Always start by thoroughly researching the PMS you intend to integrate. Understanding the system’s capabilities, limitations, and data structures is crucial for a successful integration.
Key Areas to Research
-
API Documentation
- Authentication methods (OAuth, API keys, tokens)
- Rate limits and throttling policies
- Available endpoints and their capabilities
- Request/response formats (JSON, XML, etc.)
- Pagination strategies
- Error handling and response codes
-
Data Model
- How the PMS structures reservations
- Guest/customer data organization
- Revenue and order item structures
- Master data (room types, rate codes, market segments)
- Relationships between entities
- Unique identifiers and foreign keys
-
Data Retrieval Patterns
- Incremental vs. full data sync capabilities
- Date-based filtering options
- Batch vs. real-time data access
- Support for historical data backfills
-
Multi-Property Support
- How the PMS handles multiple properties
- Whether properties share a single API or have separate endpoints
- Property identification schemes
-
Business Logic
- Reservation status definitions (confirmed, cancelled, checked-in, etc.)

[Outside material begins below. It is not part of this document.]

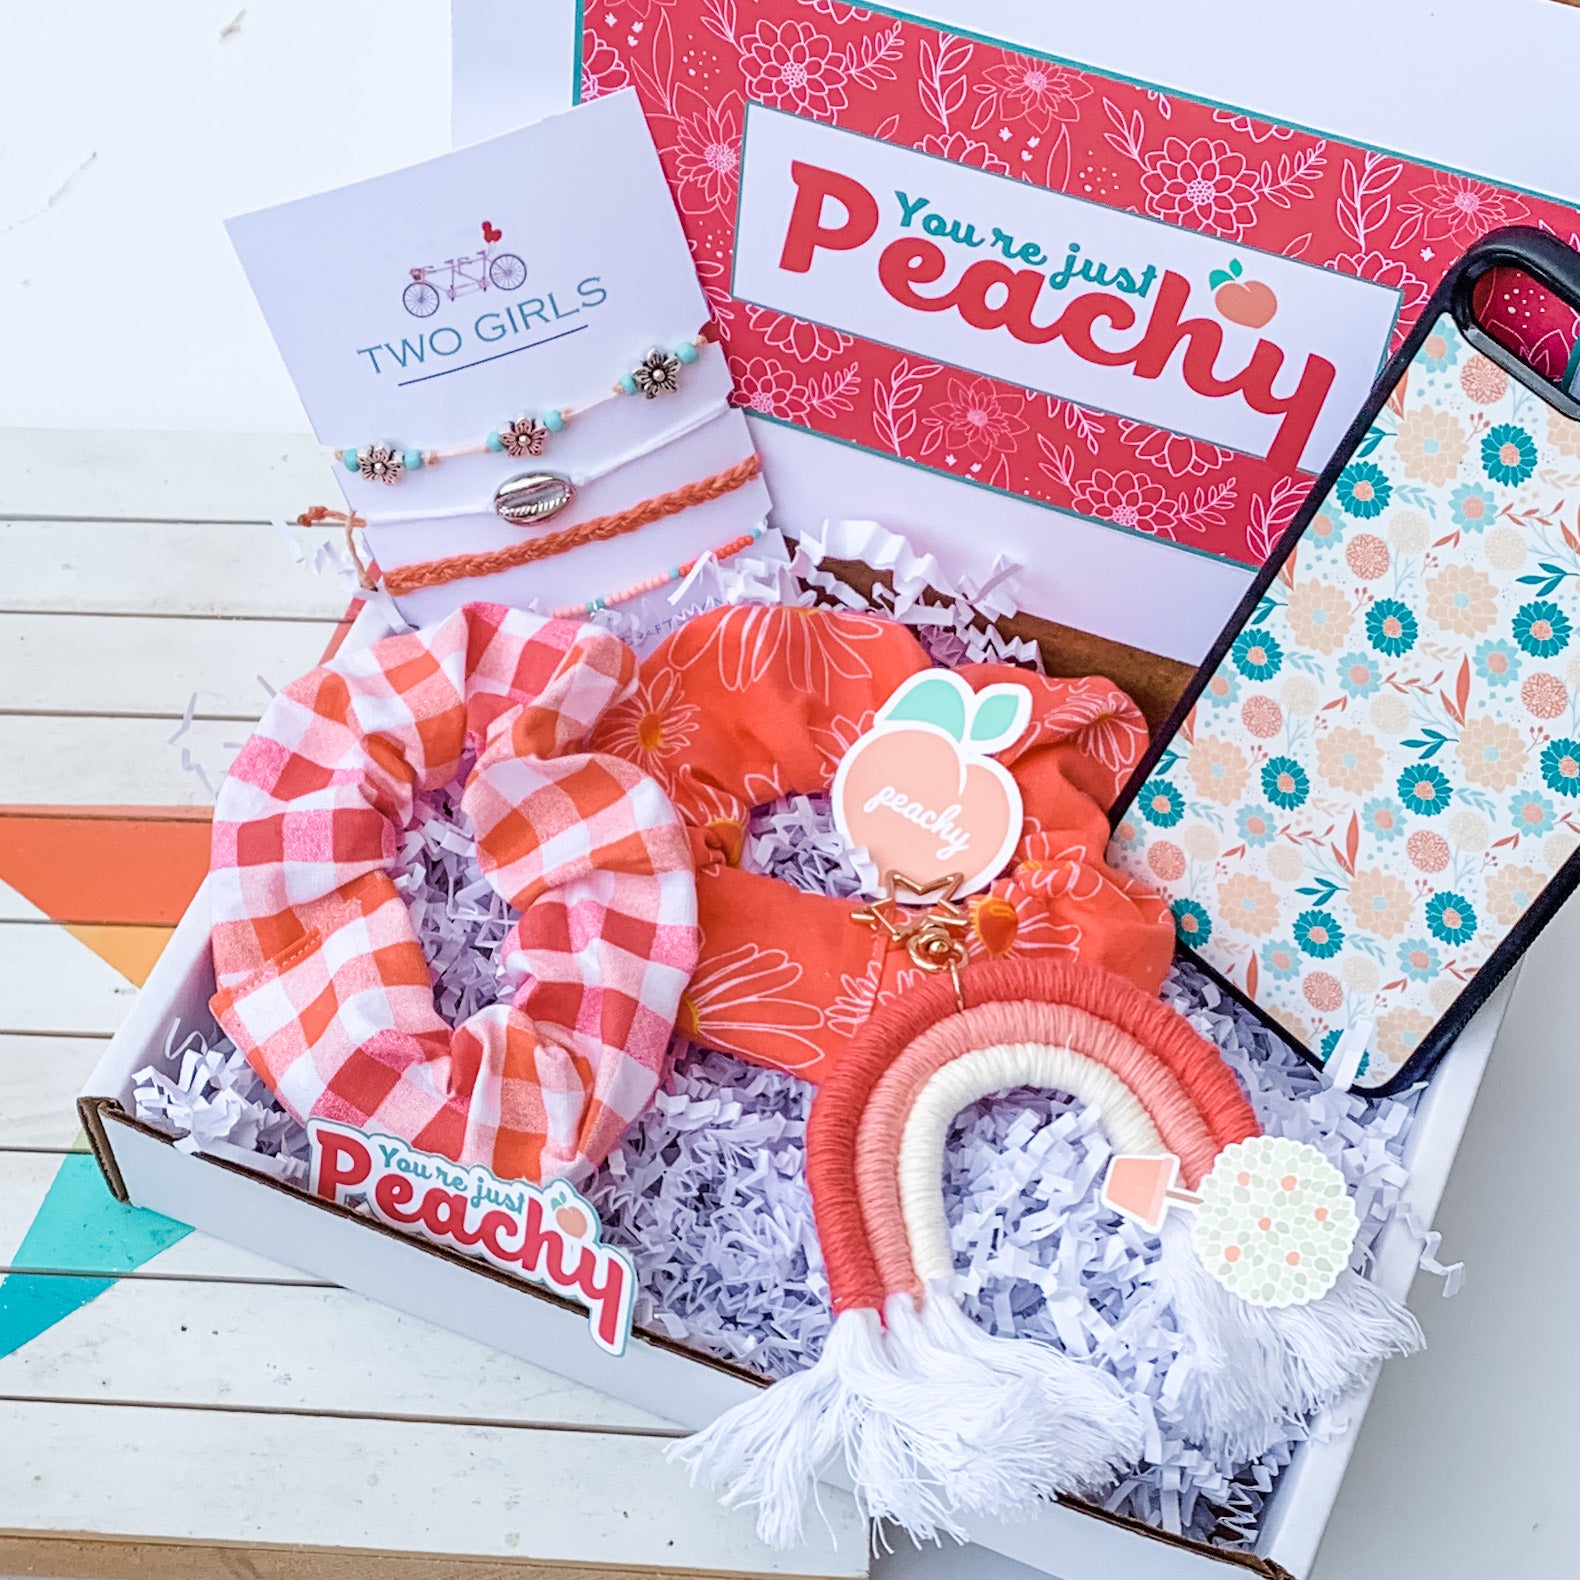 Just Peachy gift set – Two Girls Crafts

- Cancellation workflows and timing
- Check-in/check-out processes
- Revenue allocation methods
Example: Mews Research Summary
For Mews, the research revealed:
- Uses Connector API with client and access tokens
- Supports incremental sync via date-based reservation queries
- Multi-property data accessed through a single API
- Nested JSON structures requiring denormalization
- Related entities (customers, order items) retrieved via ID lookups
- Rate limiting requires chunked requests (max 1000 IDs per request)
Setting up the Configuration
Each PMS requires a configuration file that defines the data source, authentication, properties, and crawler settings.

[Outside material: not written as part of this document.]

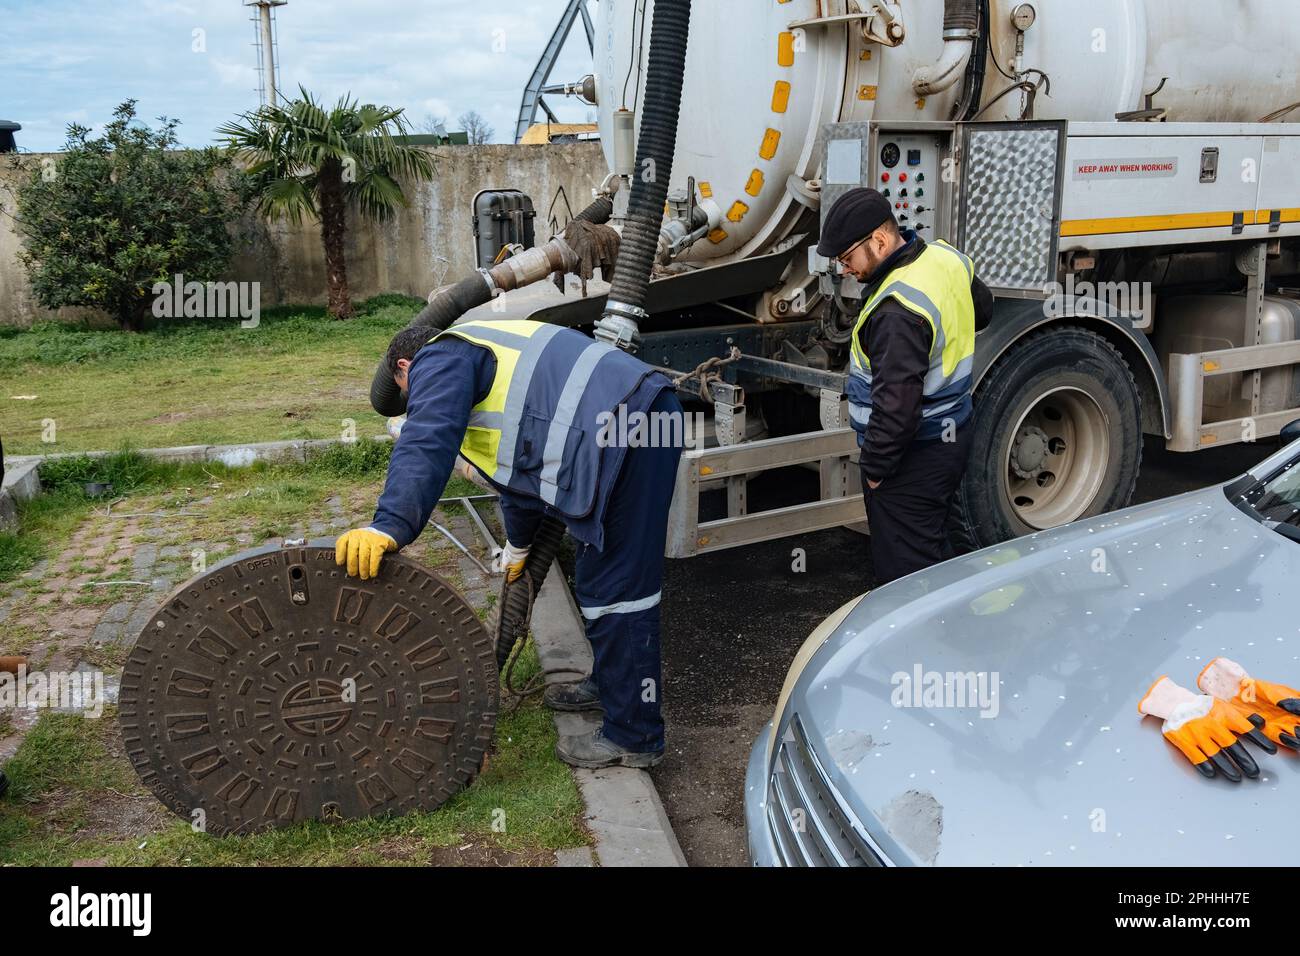 Sewer workers cleaning manhole and unblocking sewers the street sidewalk. Stock Photo

Configuration File Structure
Create a YAML configuration file in .gp_local_storage/etl-gp-config/ with the following structure:
client: <pms_name>
source:
system: <PMS Display Name>
base_url: "https://api.pms.com"
client_name: "Guestpulse"
auth:
secret_name: "<pms_name>/credentials"
properties:
- id: <property_id>
name: <property_name>
currency: <ISO_currency_code>
timezone: <timezone>
active: true
crawler_config:
- table: reservations
database: etl_gp_raw_<pms_name>
property_partition: true
incremental: true
- table: customers
database: etl_gp_raw_<pms_name>
property_partition: false
incremental: true
- table: order_items
database: etl_gp_raw_<pms_name>
property_partition: true
incremental: true
# Add other tables as neededConfiguration Parameters
- client: Identifier for the PMS (lowercase, used in paths)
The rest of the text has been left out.